Need For Speed World review

Publisher: Electronic Arts
Developer: EA Black Box
Genre: MMO
Release Date: Out now

When Electronic Arts announced its intention to take the Need For Speed franchise into the massively multiplayer arena we were somewhat dubious. On paper it’s an attractive proposition – buy a car, spend loads of cash on it and rag it around a city in races against other players. The only problem is, the year is 1999 and broadband was little more than a pathetic rubber band.

What started life as Need For Speed: Motor City, became Motor City Online and was released to critical acclaim at the end of 2001. Two years later it was dead in the water. EA’s original idea was clearly light years ahead of its time, but it’s fair to say they learnt a lot from the experience.
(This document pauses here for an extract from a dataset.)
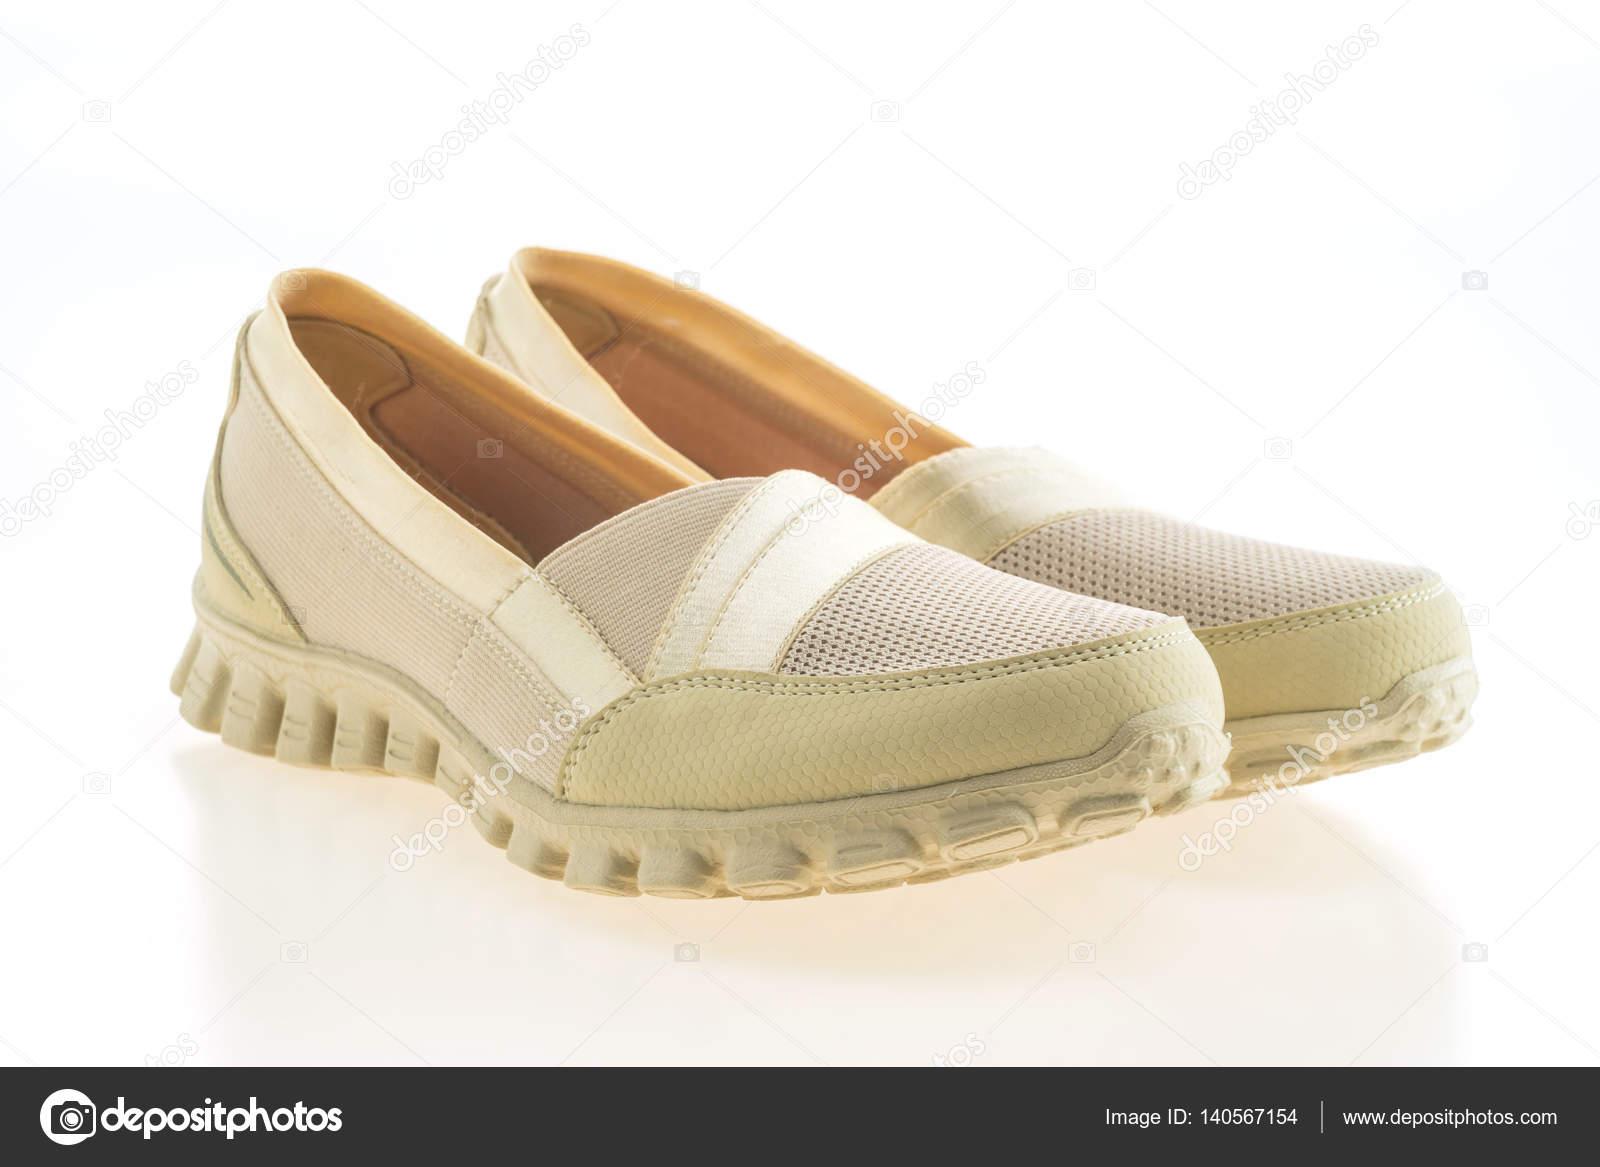 af6316bfb51 Αθλητικά παπούτσια γυναικών μόδας για απομονωμένα σε λευκό φόντο — Εικόνα  από mrsiraphol| ...

Some might think it’s a bit pie-in-the-sky for EA to attach one of their biggest licenses to the Free 2 Play (F2P) MMO released today, but as it is, they’ve got all the grounding they need to make a decent go of Need For Speed World.

Need For Speed World review

After Motor City Online EA went on to make The Sims Online (which did marginally better, lasting around five years) before taking the MMO model East with FIFA Online in 2006. Low and behold, nearly five years later, the 2010 iteration of FIFA Online has just gone into beta over here in the west. There’s little doubt that EA has done its homework for Need For Speed World, and for the most part, it shows.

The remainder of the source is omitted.